Special order charges: Special order charges: For special orders of 3 cases or more, there is no special order charge; however, for special orders of less than 3 cases, a special order charge will apply.
Return policy: Special orders items cannot be returned.
MatTek Chambered Cell Culture Slides
Q30: What are the dimensions of the wells of the MatTek Chambered Cell Culture Slides? How much medium should I use per well?
Product | Dimensions of wells (mm) | Medium volume/ well (mL) |
CCS-2 | 23.0 x 22.2 | 1.2 – 2.5 |
CCS-4 | 23.0 x 11.4 | 0.5 – 1.3 |
CCS-8 | 11.5 x 11.4 | 0.2 – 0.6 |
Q31: Can I use an inverted microscope to observe cells cultured in the MatTek Chambered Cell Culture Slides (CCS)?
Yes, cells grown on the CCS can be observed using an inverted scope. Stain your cells and
remove the plastic upper chamber.
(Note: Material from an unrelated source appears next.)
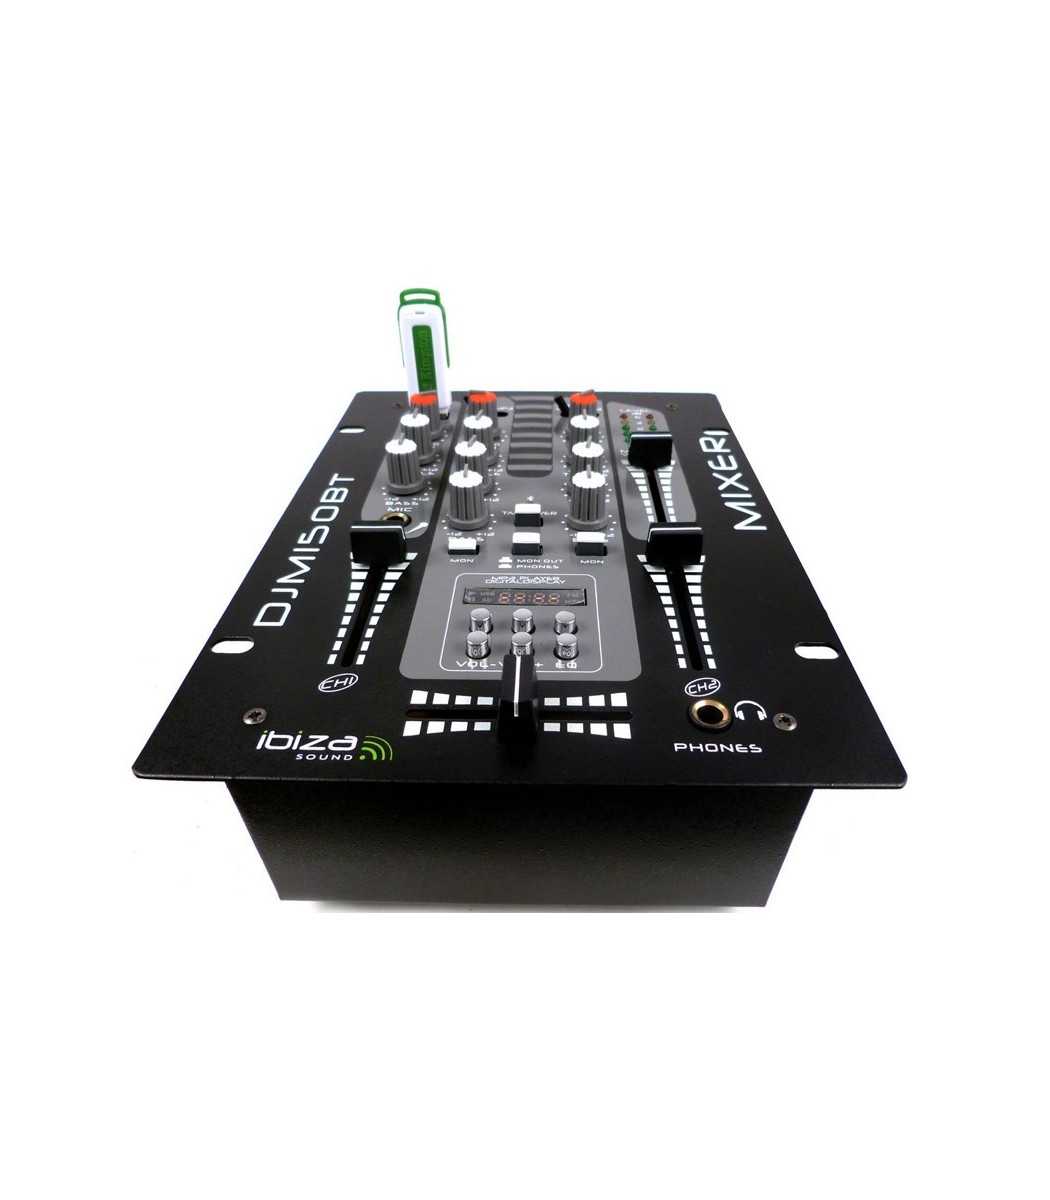 Ibiza djm150usb-bt 5 canaux Table de mixage avec usb-mp3, Bluetooth

Use mounting medium and coverslip the samples on the slide. MatTek coverslips, Part #: PCS-1.5-5024 (No. 1.5 thickness 50 mm x 24 mm), are specially designed for coverslipping samples cultured on the CCS.
Q32: What are the dimensions of the microscope slide which is the base of the MatTek Chambered Cell Culture Slides?
The dimensions of microscope slide are: Length: 75.0 mm, Width: 25.0 mm, and Height: 1.0 mm.
Q33: After I remove the upper chamber will anything remain behind on the microscope slide?
There is a silicone gasket beneath the upper chamber and the microscope slide. The gasket typically releases from the slide when the chamber is removed. However, if the gasket remains on the microscope slide, it can easily be peeled off the microscope slide using fine point forceps.
Q34: What should I do if I need more than 8 wells?
Although we do not produce Cell Culture Slides with more than 8 wells
MatTek Glass Bottom plates are available with 12, 24, 48, 96, and 384 wells.